Singularity in budding: a role for the evolutionarily conserved small GTPase Cdc42p

Abstract

The budding yeast Saccharomyces cerevisiae initiates polarized growth or budding once per cell cycle at a specific time of the cell cycle and at a specific location on the cell surface. Little is known about the molecular nature of the temporal and spatial regulatory mechanisms. It is also unclear what factors, if any, among the numerous proteins required to make a bud are involved in the determination of budding frequency. Here we describe a class of cdc42 mutants that produce multiple buds at random locations on the cell surface within one nuclear cycle. The critical mutation responsible for this phenotype affects amino acid residue 60, which is located in a domain required for GTP binding and hydrolysis. This mutation bypasses the requirement for the essential guanine-nucleotide-exchange factor Cdc24p, suggesting that the alteration at residue 60 makes Cdc42p hyperactive, which was confirmed biochemically. This result also suggests that the only essential function of Cdc24p is to activate Cdc42p.

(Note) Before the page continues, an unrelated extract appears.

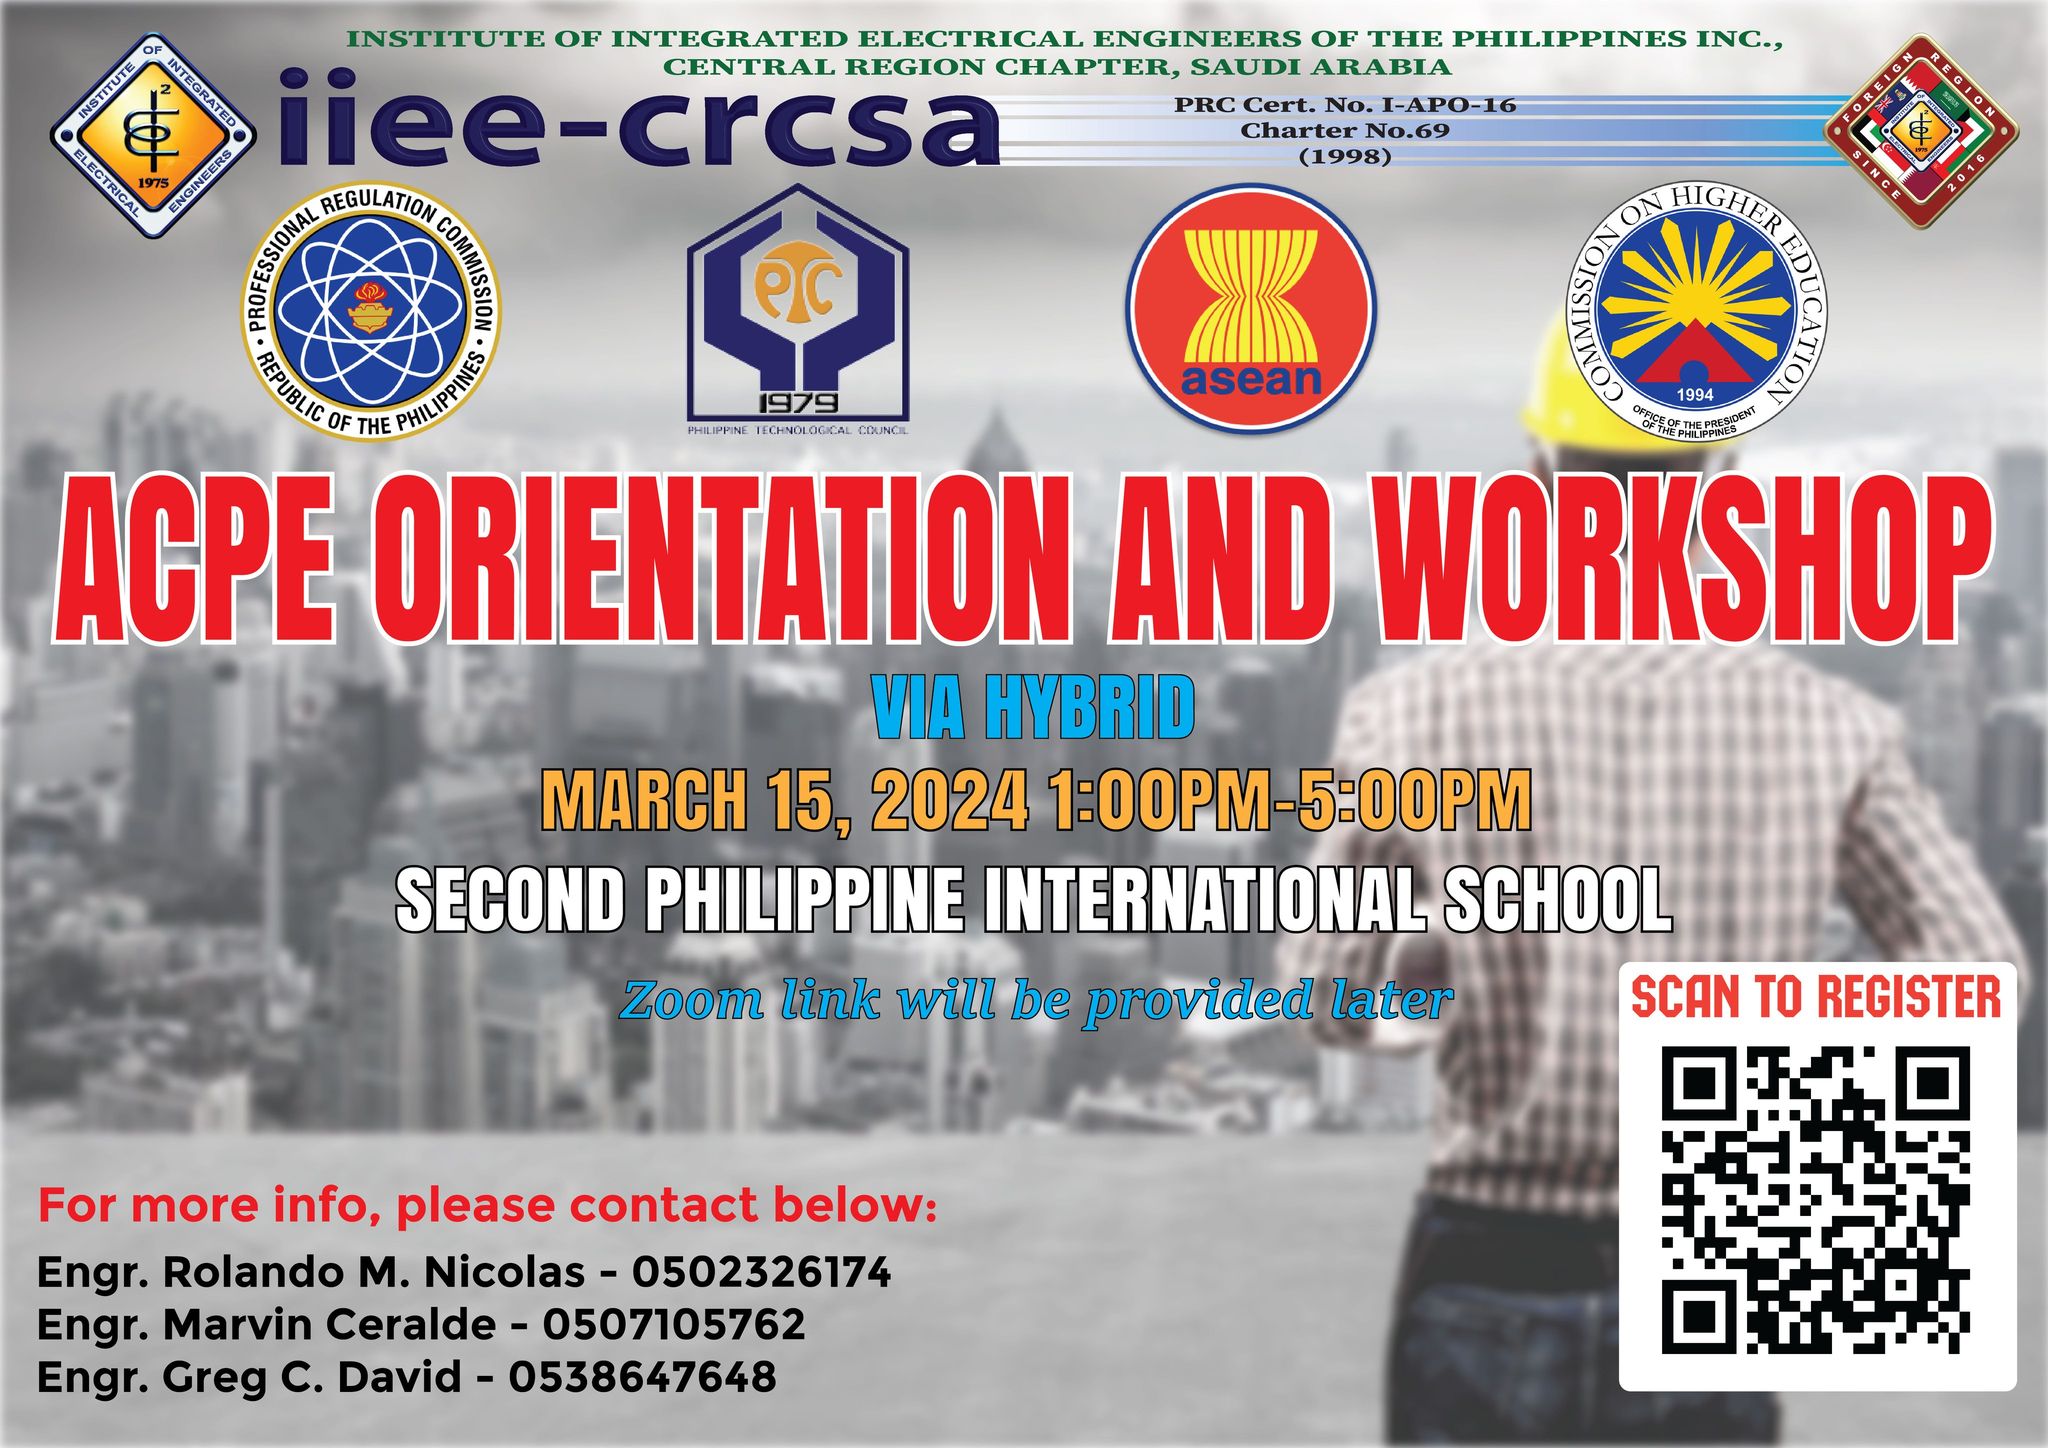 ACPE Orientation and Workshop
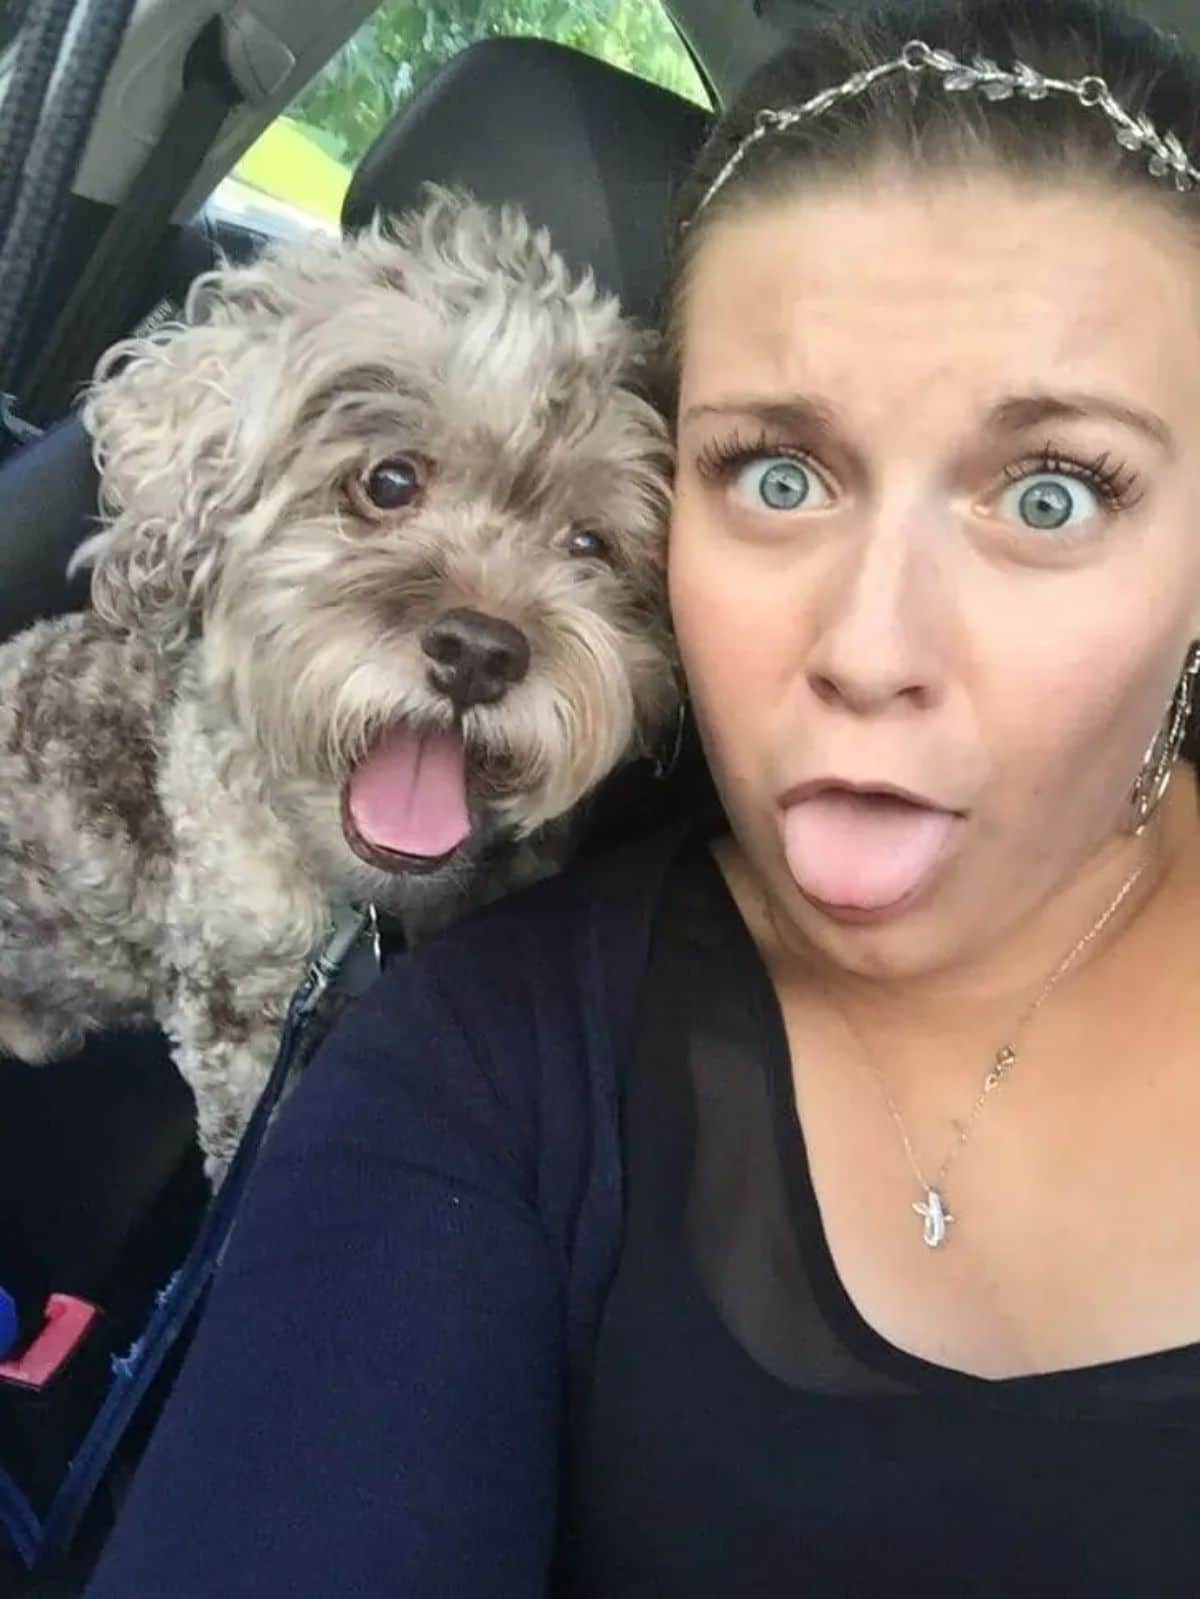 grey and black fluffy dog in a car with the mouth open next to a woman with the mouth open

Together, these data suggest that the temporal and spatial regulation of polarized growth converges at the level of Cdc42p and that the activity of Cdc42p determines the budding frequency.

Fig 1.

cdc42-22 cells produce multiple buds during one mass-doubling time. (A) Cells of YEF1963 (cdc42-22) carrying pRS316-CDC3-GFP were grown on a SC-Ura plate at 24°C for 16 h and then observed by DIC and fluorescence microscopy. (B) Time-lapse analysis of the budding process of YEF473A (WT) and YEF1963. All images in the same panel are at the same magnification.

Fig 2.

cdc42-22 cells produce multiple simultaneously growing buds within one nuclear cycle. (A) Cells of JPC40 (cdc42-22, TUB1:GFP) were fixed with ice-cold 70% ethanol and stained for F-actin and DNA. Microtubules were visualized with a GFP-tagged α-tubulin. (B) Cells of YEF1963 (cdc42-22) were pulse-labeled with FITC-Con A for 10 min and then released into fresh medium for 60 min to monitor the deposition of new cell wall materials (dark zones on the cell surface). (C) Cells of YEF1963 and YEF473A (WT) carrying pSM217-GIC2-GFP were fixed with ice-cold 70% ethanol and stained for DNA.

Fig 3.

cdc42-22 cells bud randomly. Cells of YEF473A (WT) and YEF1963 (cdc42-22) were stained for bud scars with Calcofluor.

Fig 4.

A single amino acid change in a GTP-binding and hydrolysis domain is responsible for the hyperactivity of cdc42-22 allele. (A) Cell lysates from YEF473A (WT), JPC250 [WT+CDC42 (OE)], YEF1963 (cdc42-22), and other cdc42Δ strains carrying different alleles of CDC42 (strains JPC152–156) were probed with antibodies against Cdc42p and, as a control, the mitochondrial outer membrane protein Isp42p. (B) Cell lysates from YEF473A (WT), YEF1963 (cdc42-22), and JPC241 (cdc42^G60D) were assayed for the active portion of Cdc42p by GST-PBD pull downs.

Fig 5.

A single change of Cdc42p at glycine 60 allows the bypass of its GEF, Cdc24p. (A) Temperature-sensitive growth of cdc24Δ strains carrying a hyperactive cdc42 allele. Strains YEF473A (WT), YEF1963 (cdc42-22), JPC160 (cdc24Δ, pRS314-CDC42-22), and JPC162 (cdc24Δ, pRS314-CDC42-G60A) were streaked onto YPD plates and incubated for 2–4 days at 24°C and 37°C, respectively. (B) Western-blot analysis of cell lysates from YEF473A (WT), YEF1963 (cdc42-22), JCY403 [WT+CDC24 (OE)], and other cdc24Δ strains carrying different alleles of CDC42 (strains JPC160–164).

Fig 6.

A model for the role of Cdc42p in budding. (A) In WT cells, Cdc42p is subjected to temporal (CDK/cyclins) and spatial (bud-site selection) controls. The activity of Cdc42p is adequate for a single round of budding. (B) In cdc42^G60X cells, hyperactive Cdc42p overrides the temporal and spatial controls, and the activity of Cdc42p is sufficient for multiple rounds of budding in a single cell cycle time. The Cdc42p GTPase module includes Cdc42p itself and its immediate regulators such as GEF and GAPs.